THE DATA:
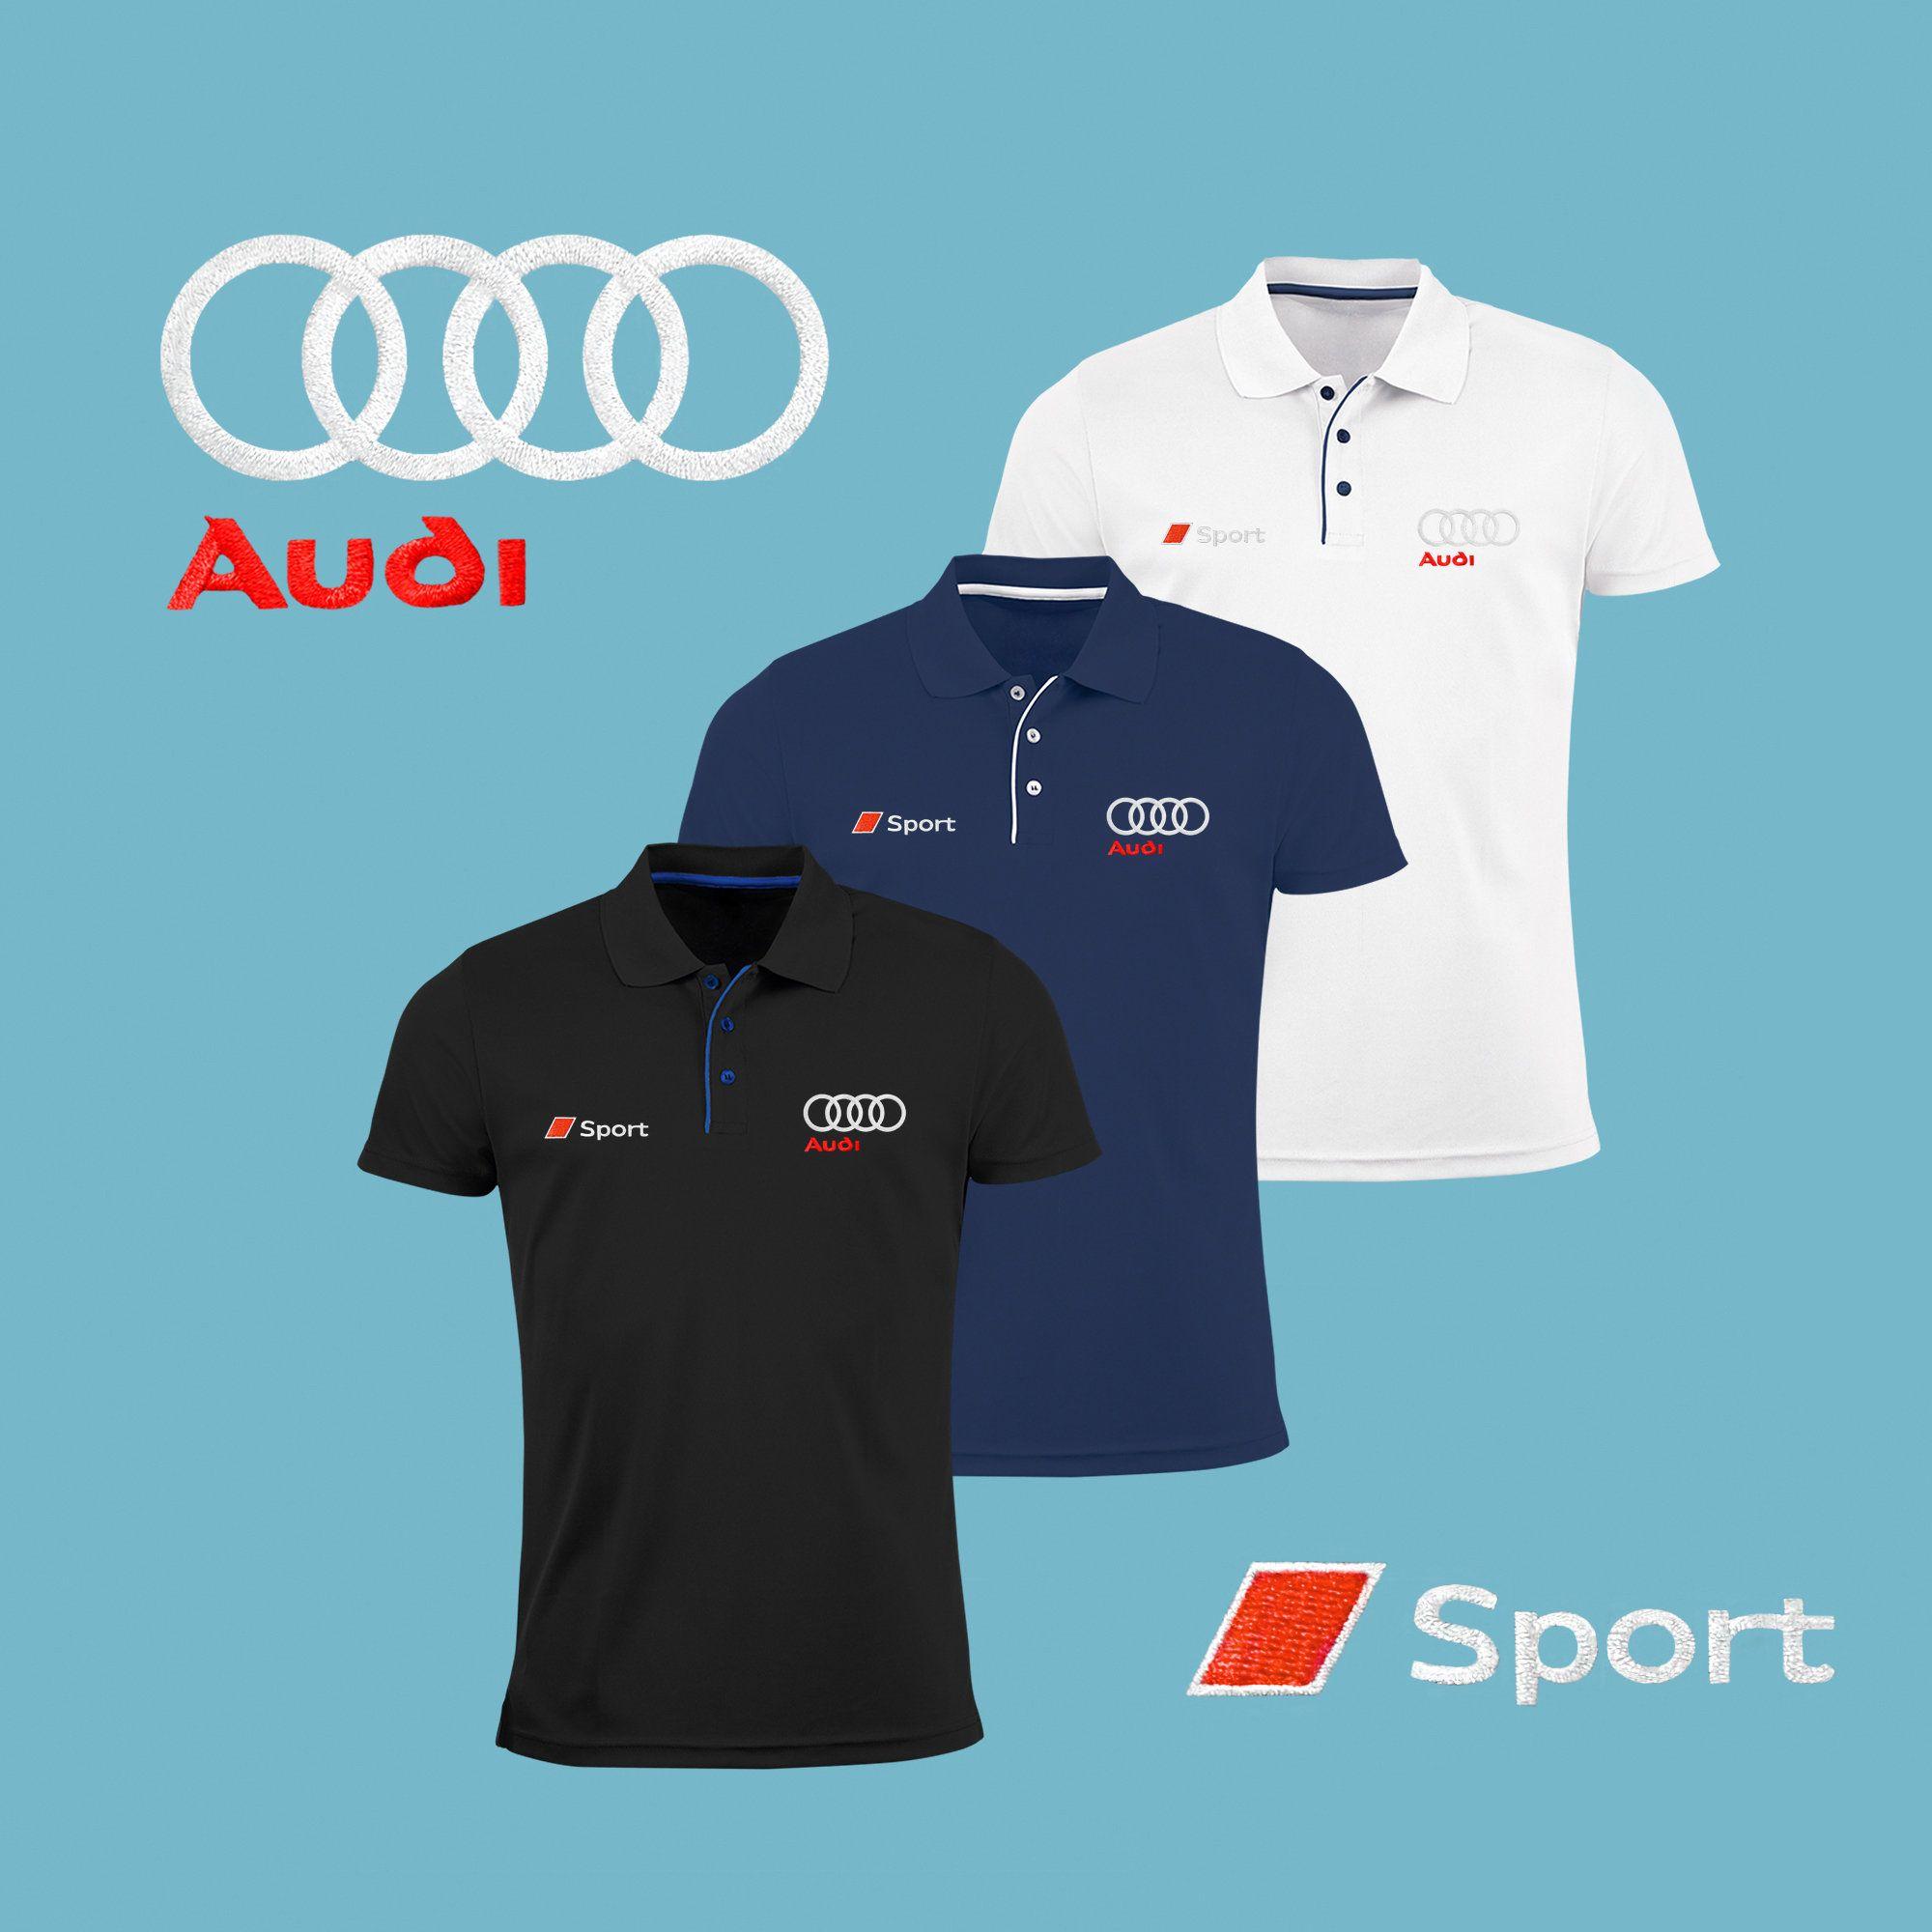 ddd613bfe Audi Sport Polo Shirt EMBROIDERED #mensfashion #menswear #menstyle  #mensfashion_guide #tshirt #poloshirt #embroidery #autologo #giftideas  #gifts ...
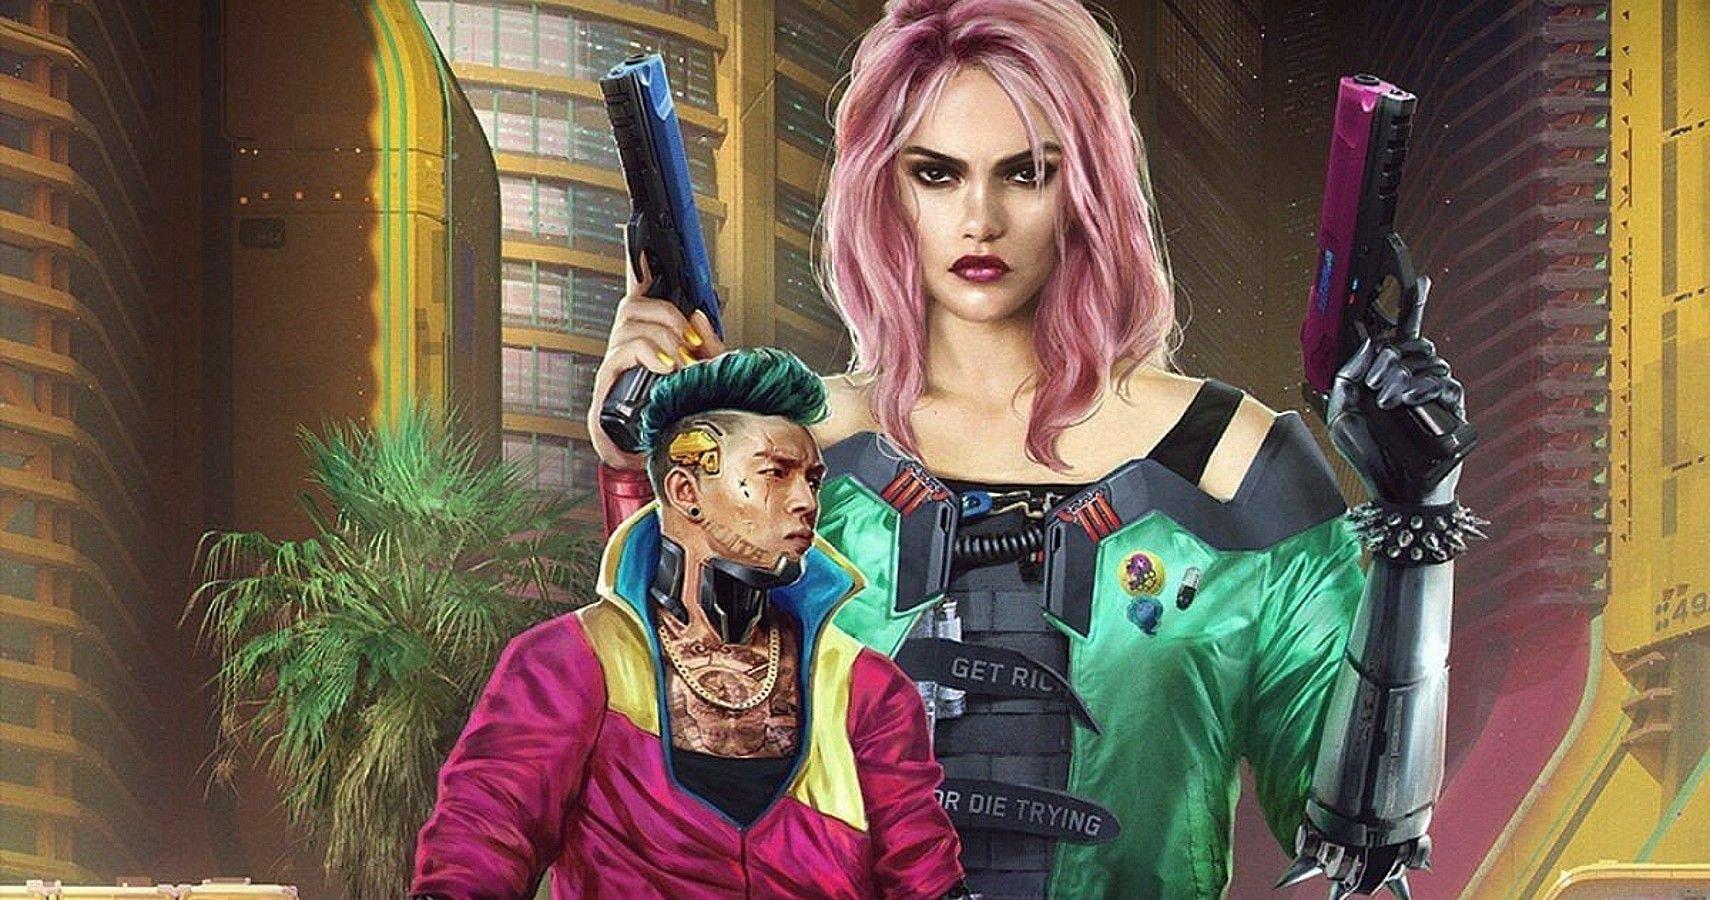 Street Kid Is The Most Popular Lifepath In Cyberpunk 2077
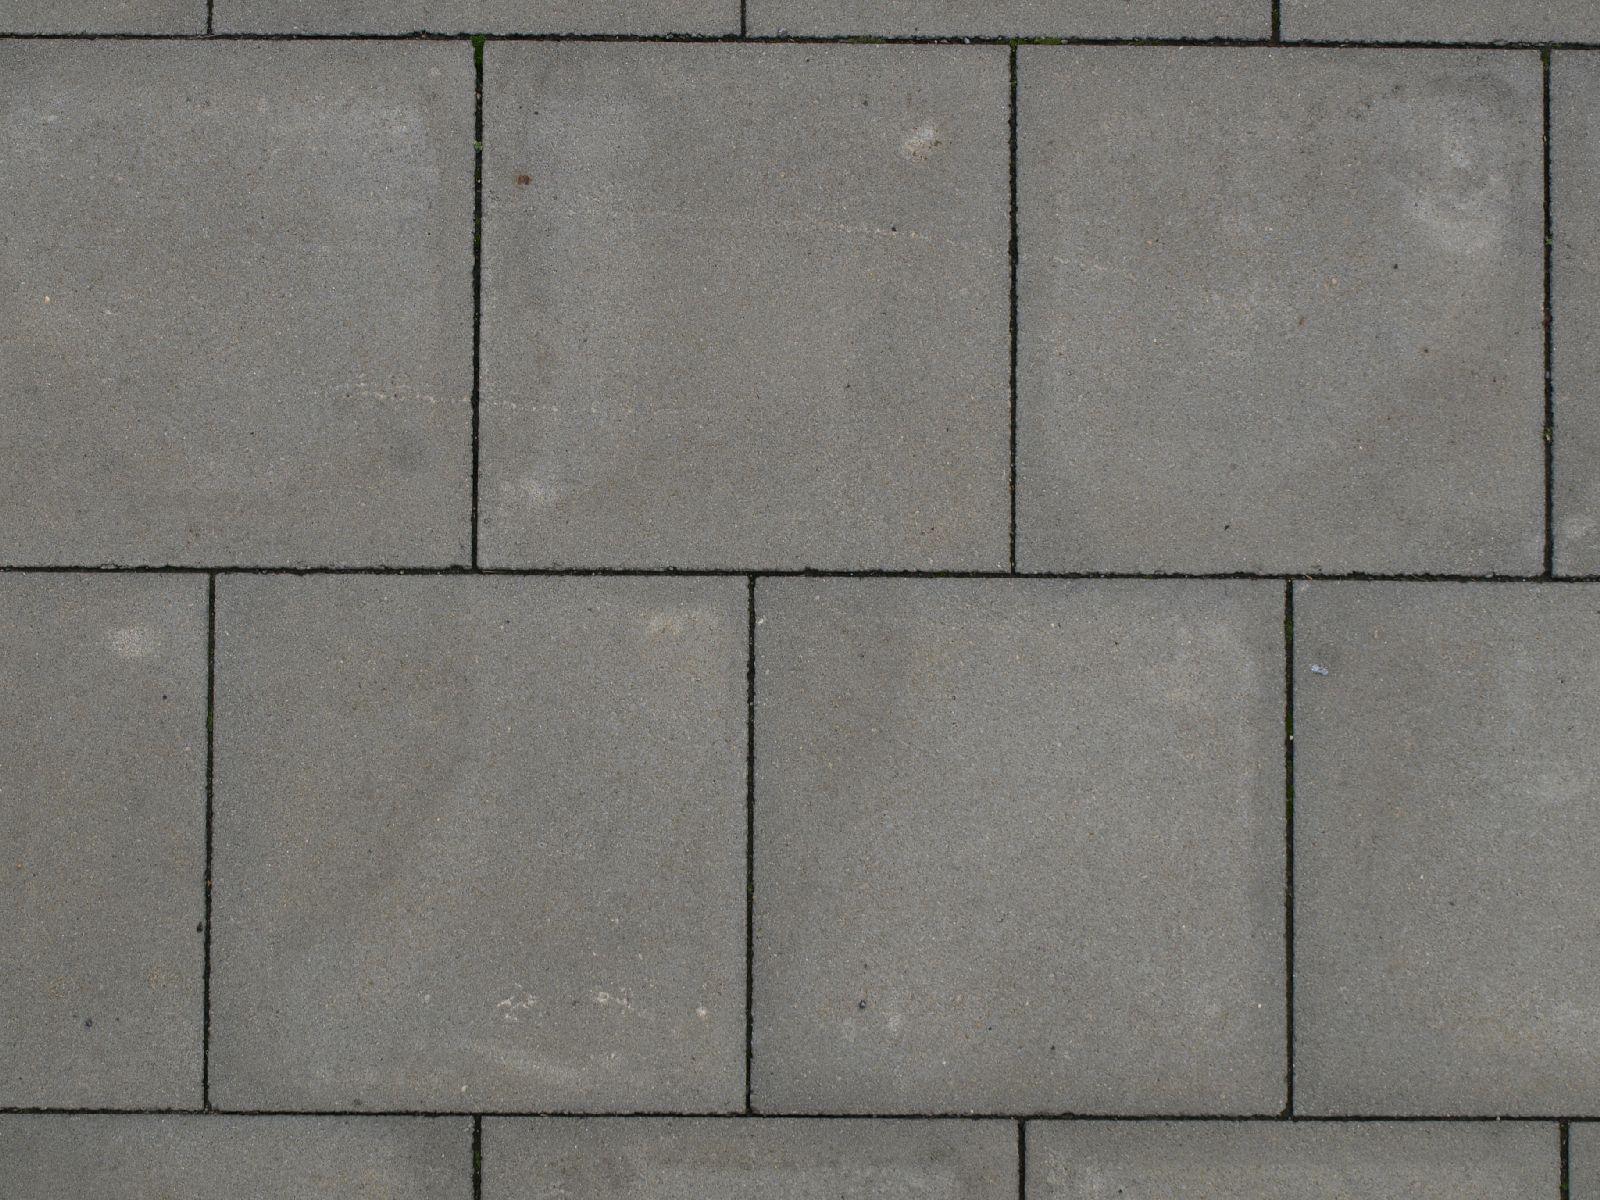 Ground-Urban_Texture_A_PA045735
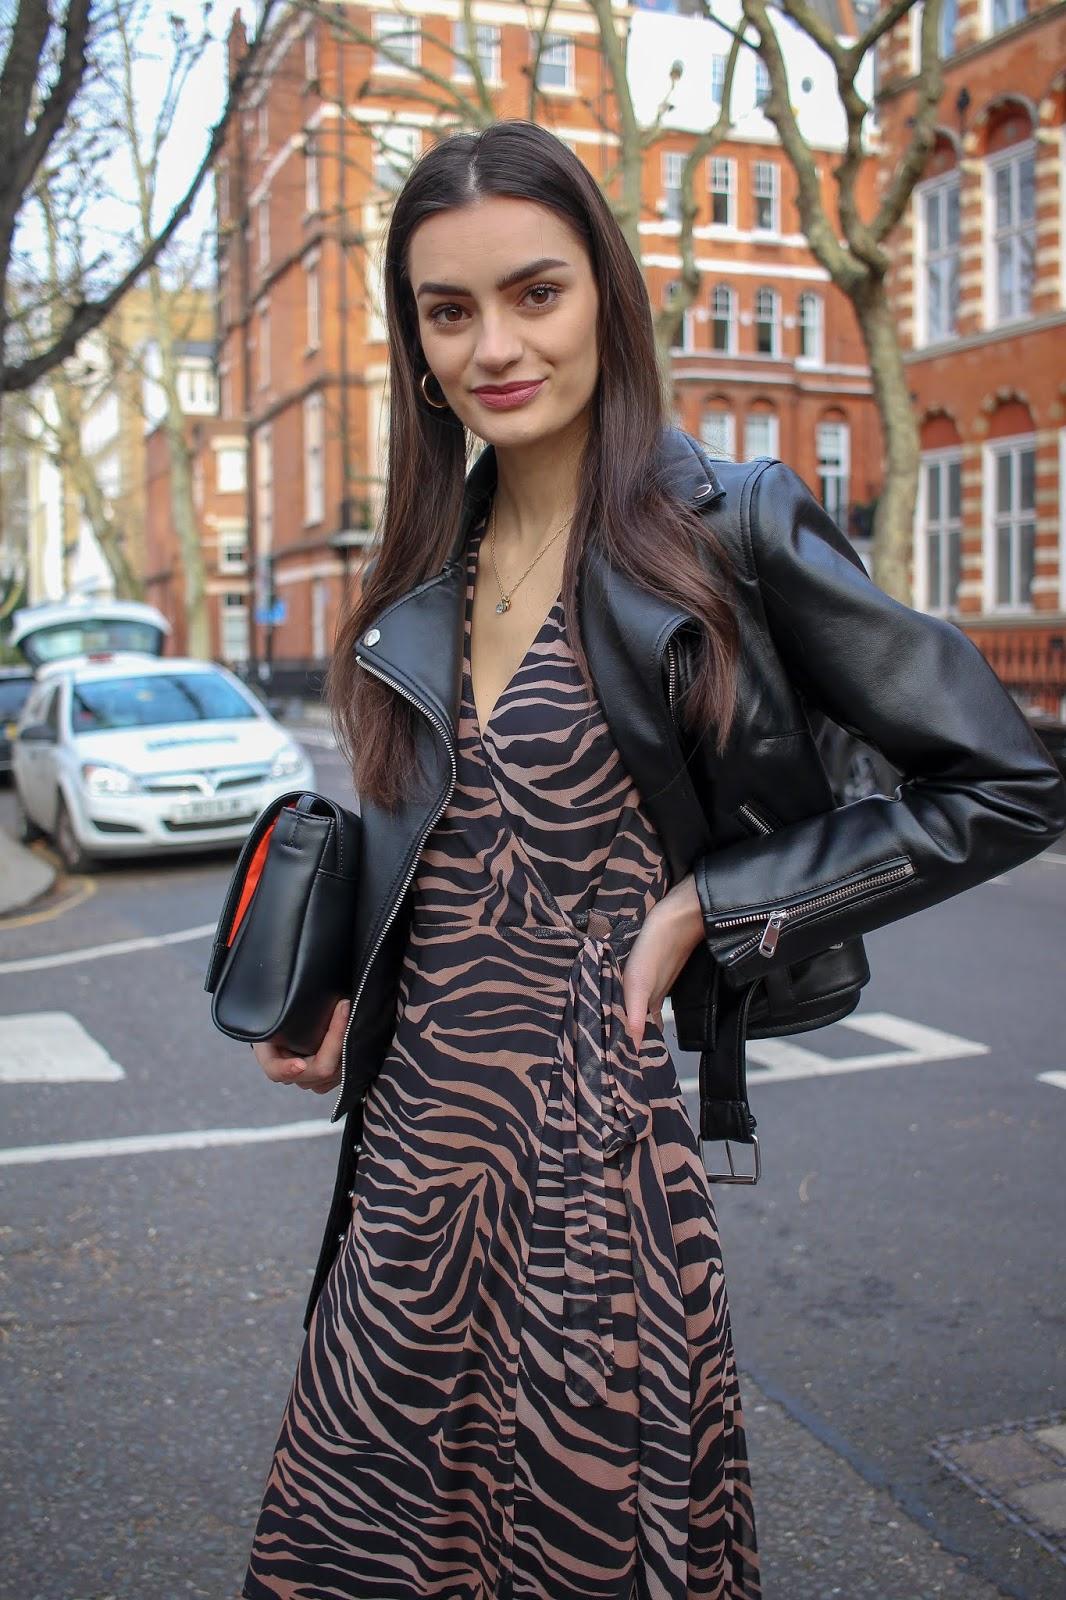 styling tiger print dress day-to-night

DIRECTIONS FOR THIS TASK:
Beginning with the line in which "Street Kid Is" appears, repeat exactly each line down to the close of the material, leaving every picture out.

OUTPUT FOR THIS TASK:
 Street Kid Is The Most Popular Lifepath In Cyberpunk 2077
 Ground-Urban_Texture_A_PA045735
 styling tiger print dress day-to-night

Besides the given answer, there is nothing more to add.